In a strict language, where there are only two boolean values, these two clauses have a straightforward reading. (The reading is less straightforward when patterns overlap, as mentioned in Lazier function definitions by merging partial values.) In a non-strict language like Haskell, there are three distinct boolean values, not two. Besides `True` and `False`, `Bool` also has a value ⊥, pronounced “bottom” for being at the bottom of the information ordering. For an illustration and explanation of information ordering, see Merging partial values.

Note: In Haskell code, ⊥ is sometimes denoted by “`undefined`“, which can be confusing, because the meaning is defined precisely. There are many other ways to denote ⊥ in Haskell, and it is impossible to determine whether or not an arbitrary Haskell expression denotes ⊥. I’ll generally use “⊥” in place of “`undefined`” in this post, as well as for the corresponding semantic value.

The two-clause definition above only addresses two of the three possible boolean values explicitly. What, if anything, does it say indirectly about the meaning of an application like “`ifThenElse ⊥ 3 5`“?

The Haskell language standard gives an operational answer to this question. Clauses are examined, using pattern matching to select a clause and instantiate that clause’s variables. In case more than one clause matches, the earlier one is chosen.

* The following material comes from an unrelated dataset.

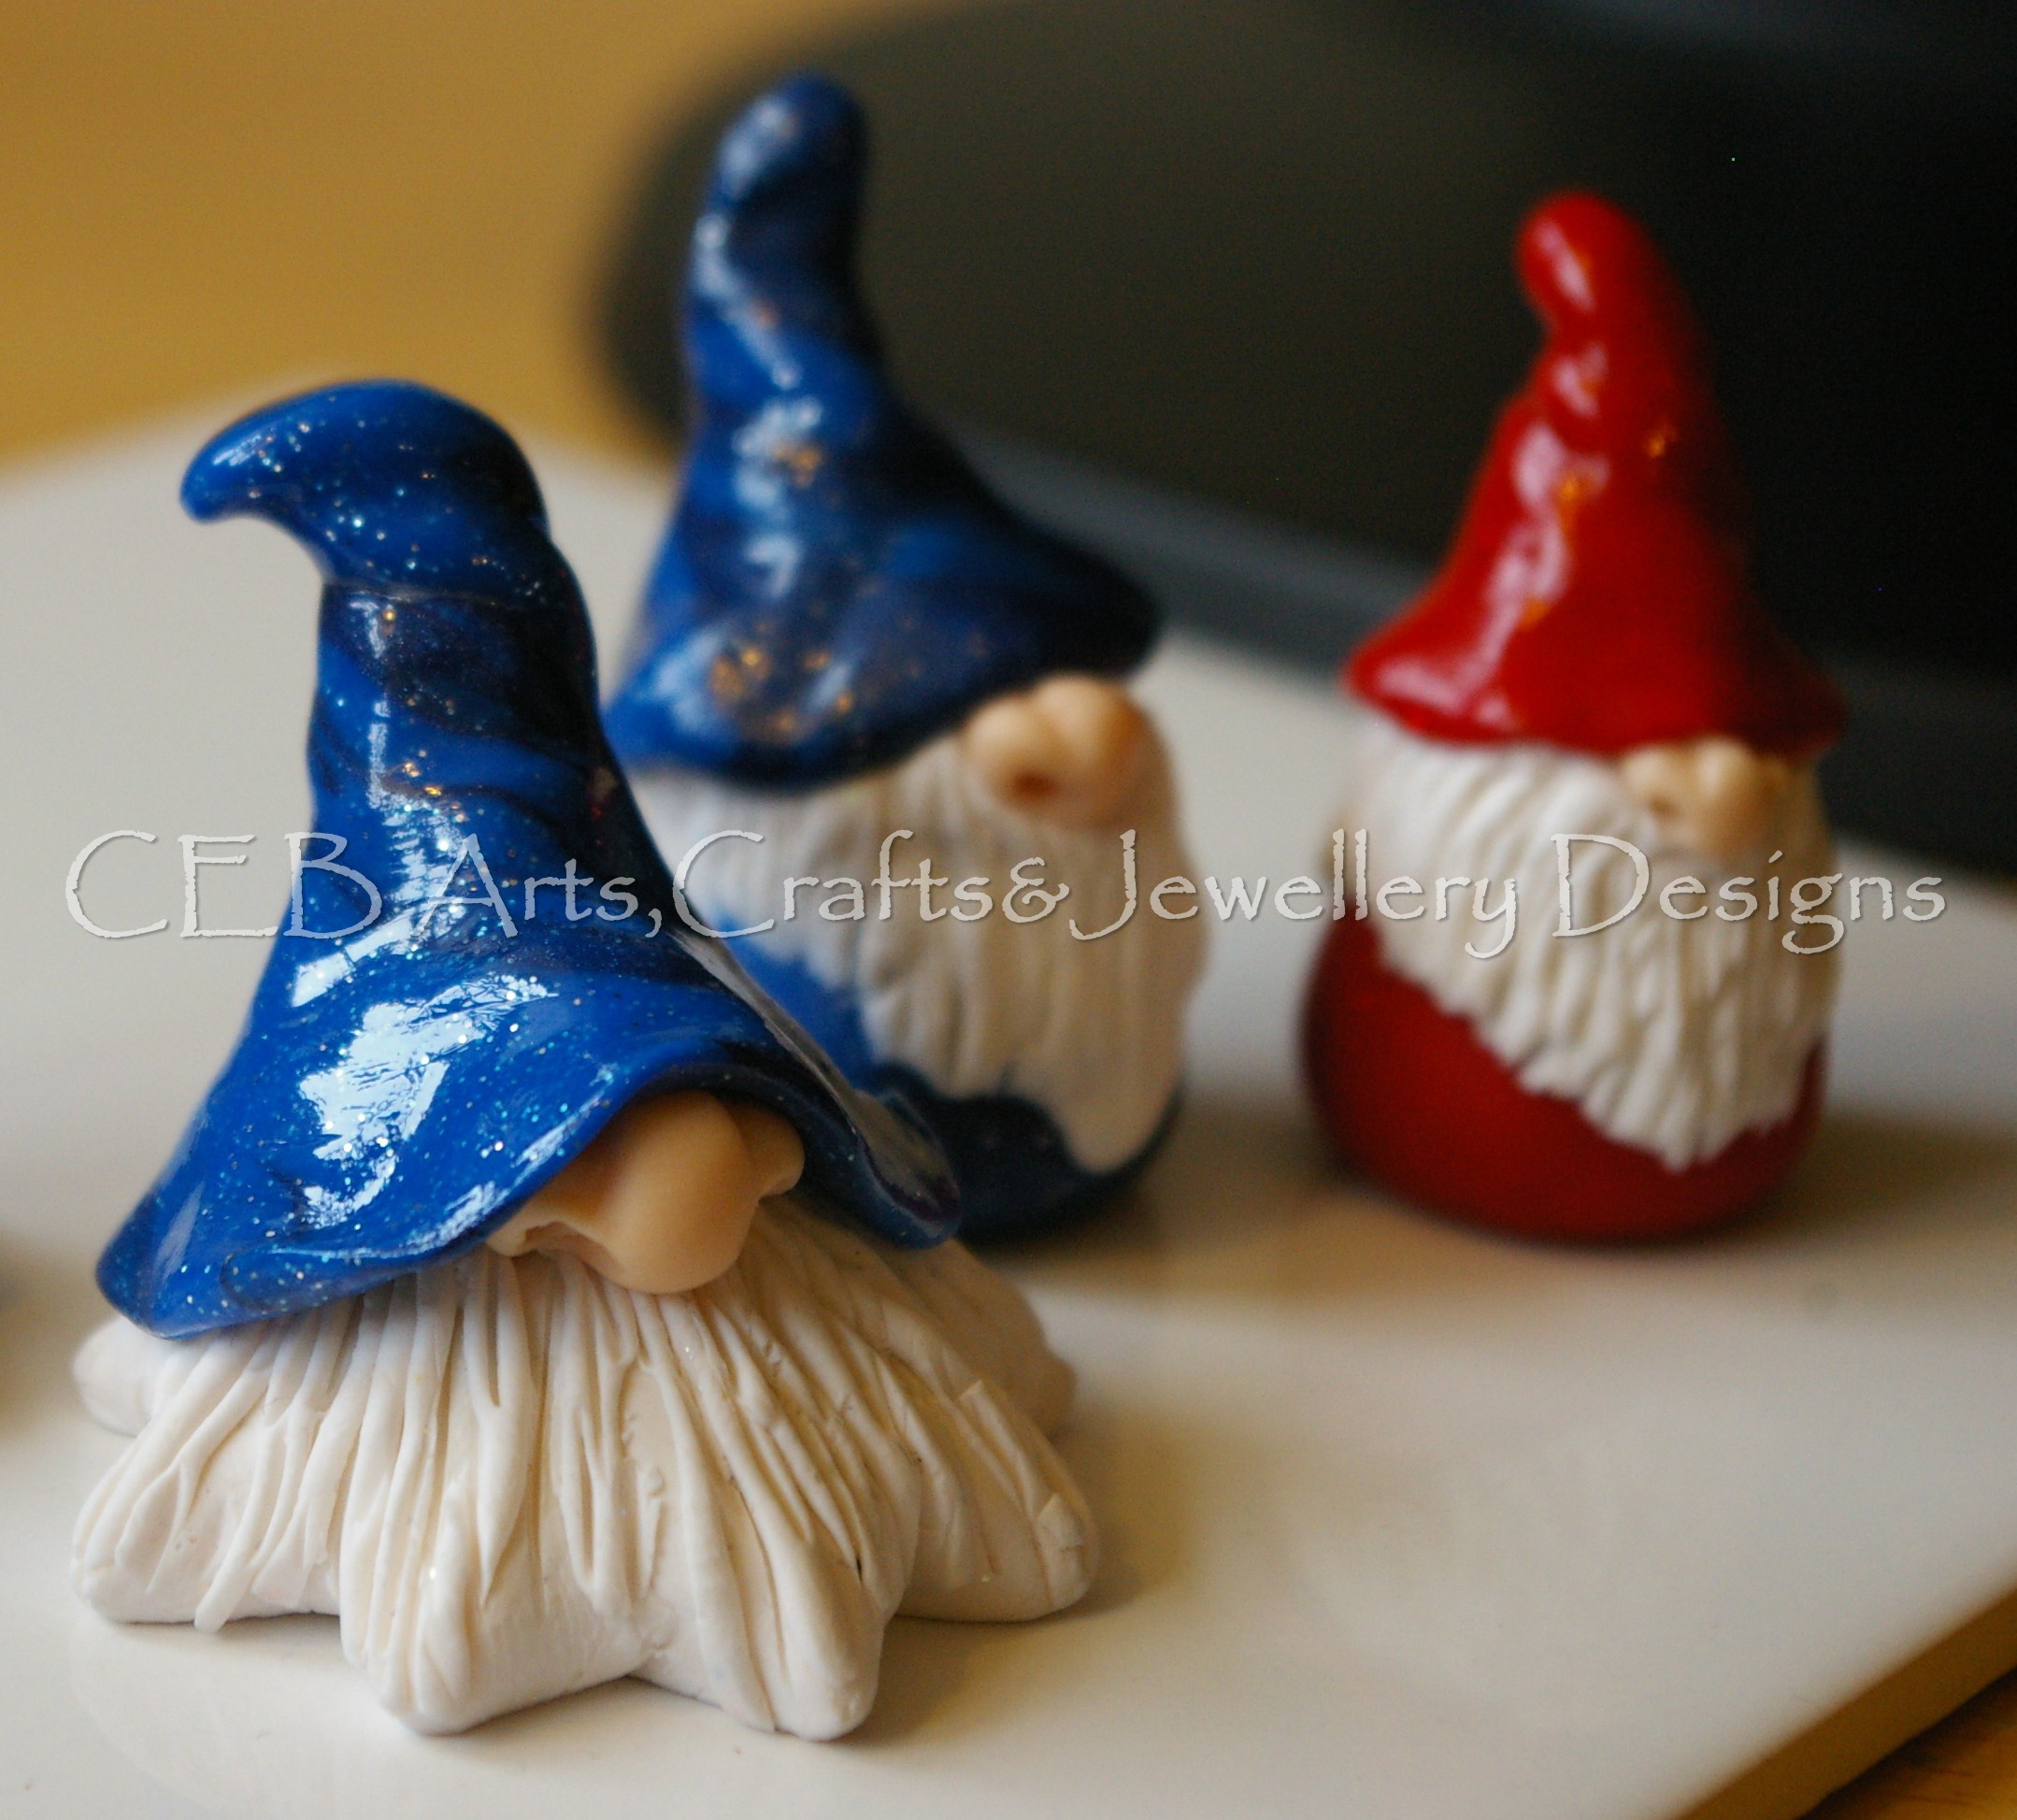 My Handmade Polymer Clay Gnomes | cebartscraftsandjewellerydesigns

Pattern matching has three possible outcomes:

• A single substitution, providing variable bindings that specialize the patterns in a clause’s left-hand side (LHS) to coincide with the actual call. The matching uses semantic, not syntactic, equality and can require forcing evaluation of previously unevaluated thunks (delayed computations).
• Proof of the nonexistence of such a substitution.
• Neither conclusion, due to an error or nontermination during evaluation.

In this example, the effort to match `True` against ⊥ leads to the third outcome. For Haskell as currently defined, the result of the application in such a case is then defined to be ⊥ also. Which is to say that `ifThenElse` is strict (in its first argument).

So strictness is the Haskell answer, but is it really the answer we want? Are there alternatives that might better fit the spirit of non-strict functional programming?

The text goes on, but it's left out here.